South Sudan: Fighting in Wau Displaces Thousands

MSF

Thousands of people are newly displaced due to fighting in Wau, South Sudan. Doctors Without Borders/Médecins Sans Frontières (MSF) is providing medical care to displaced people in the area through mobile clinics. Dr. David Kahindi, MSF deputy medical coordinator in Wau, gave the following account by phone on Monday:

Just one week ago I drove past the empty land that surrounds the UN base in Wau, South Sudan. Now the same fields are flooded with thousands of people who have fled their homes in fear for their lives.  We know that tens of thousands more people are scattered across the surrounding area. Some are sheltering in a school, in a church and others are totally exposed to the elements in the forest.

On Friday last week, heavy fighting took place in Wau. We don’t yet know how many people were killed, but dead bodies are still lying in the streets. People started running and they still are—even when I am talking to you there are more people arriving at the UN base. They are mostly families with few belongings and urgently seek food, water, shelter and medical care. 

The people we are treating are much sicker than we would have thought, but it is the culmination of months of ongoing instability. We’ve seen gunshot wounds, women who have been raped. We’ve also seen people who just want to express what has happened to them. They are very distressed and have physical manifestations resulting of mental trauma. Today one man came to tell me that his brother had died in the fighting. He was trying to hide, but he was found and killed. He was asking us for help and it is clear that he is very depressed. 

We’ve also treated people who fled the local hospital. Earlier this year patients were pulled from their hospital beds, so it’s not surprising that they don’t feel safe. Today I treated a lady who had severe burns on her hands and abdomen that had gone septic. She was too scared to get back to the hospital. 

While new waves of people have been forced from their homes in this round of fighting, others have been living outside for months, too scared to return home. We’ve been here for a couple of months, running mobile clinics outside of the town trying to reach some of the most isolated people. Each week we treat cases of severe malaria—people are sleeping outside, under the trees, and don’t have access to bed nets. We also see cases of severe malnutrition every week—people have not been able to cultivate their crops because of the conflict, so food is scarce. People also have upper respiratory tract infections, skin infections and diarrhea—all of which are related to the conditions that they are forced to live in. 

It is possible that there are hundreds if not thousands of people who have been pushed even further away by the fighting. It is those people that I am really worried about—if they are sick and can’t find treatment. We will work tirelessly to try to reach those people in the coming days.

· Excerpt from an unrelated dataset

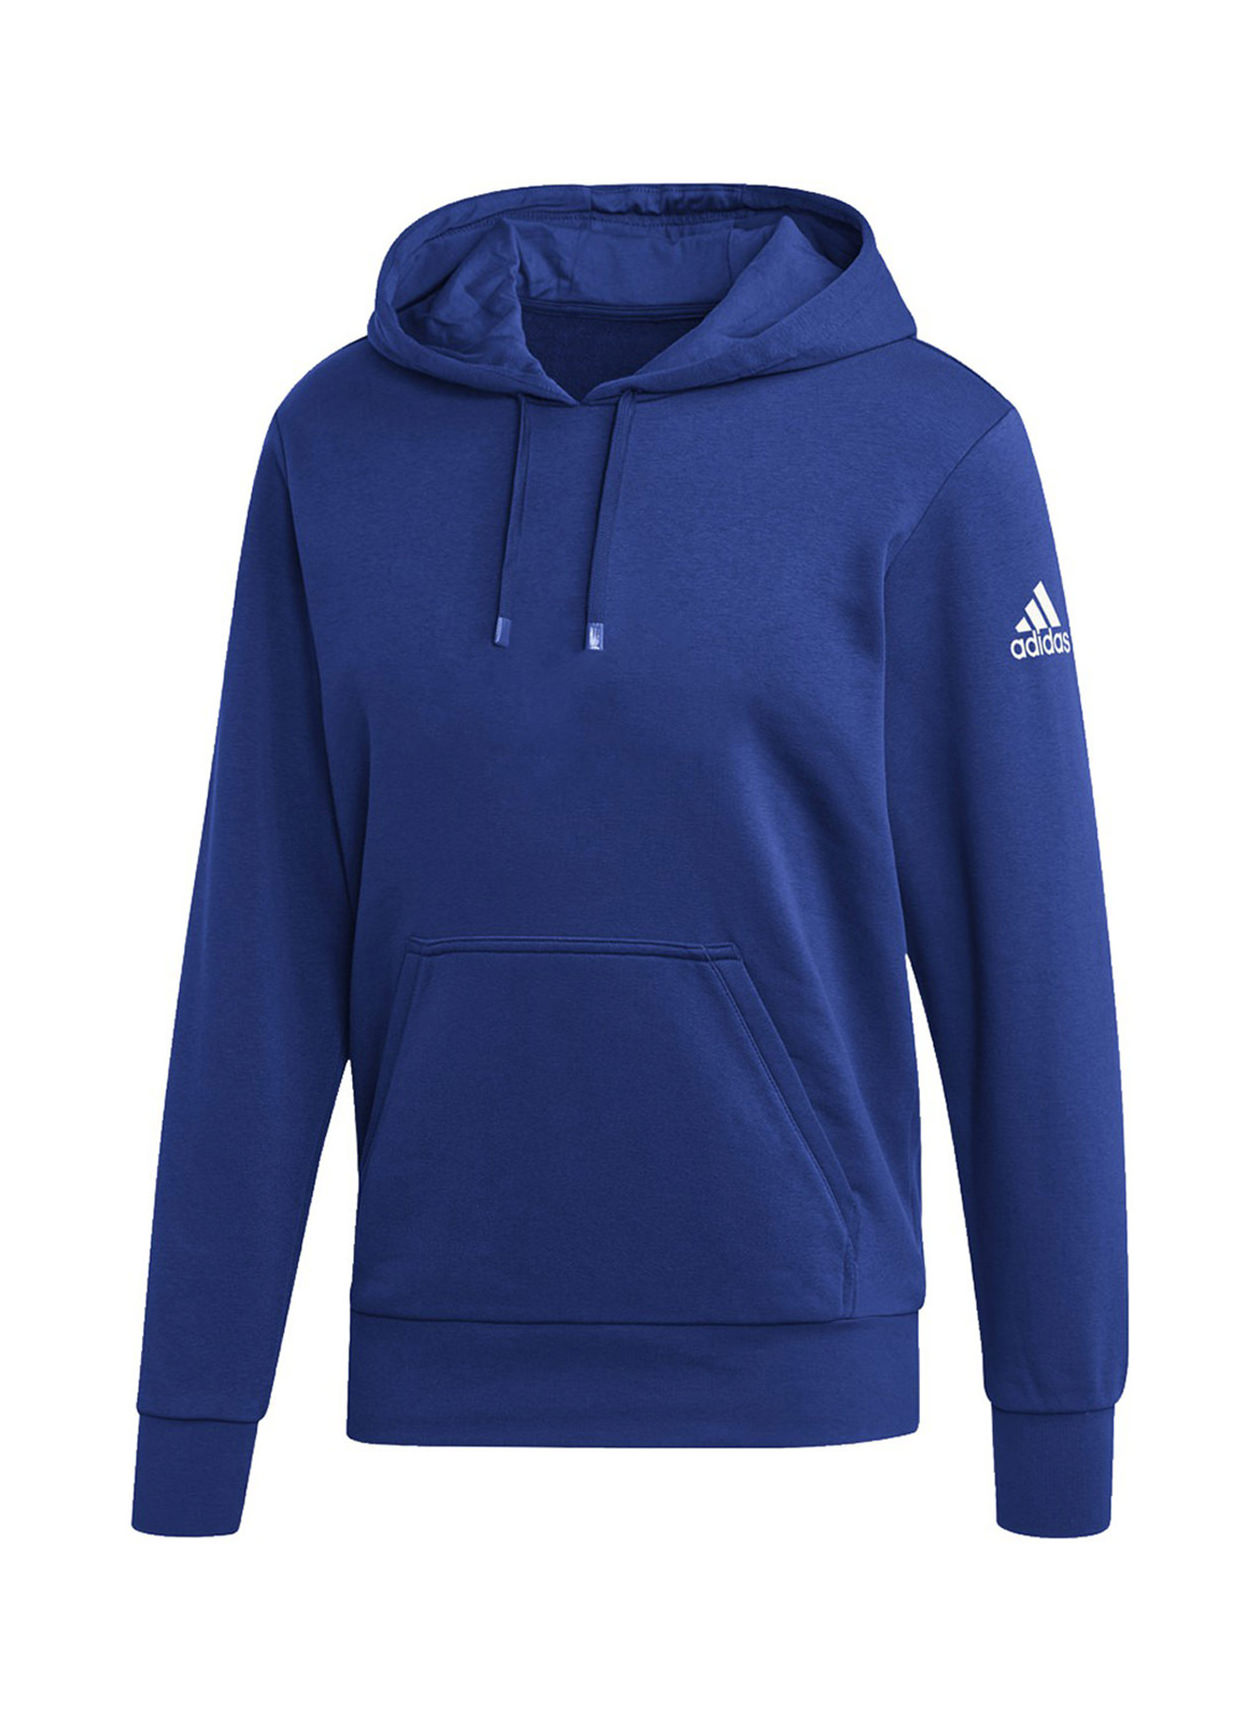 Logo Hoodies  Embroidered Adidas Men's Team Royal Blue / White Fleece  Hoodie

On Sunday and Monday MSF teams ran mobile clinics around the UN base, treating 160 and 174 people respectively. People were much sicker than we would have expected, the impact of months of ongoing insecurity. Main morbidities are malaria (due to the rainy season and limited access to bed nets), malnutrition (it is the traditional hunger gap period, but due to the conflict people have not been able to cultivate), diarrhea and upper respiratory tract infections. We also treated gunshot wounds and women who had been raped.   Yesterday we shipped in two plane loads of supplies including therapeutic food, rape kits and dressings. Today our teams have handed over our activities in the UN base so that we can move further south to find those people who have been pushed further away by the fighting. We will continue to respond to the situation as it evolves.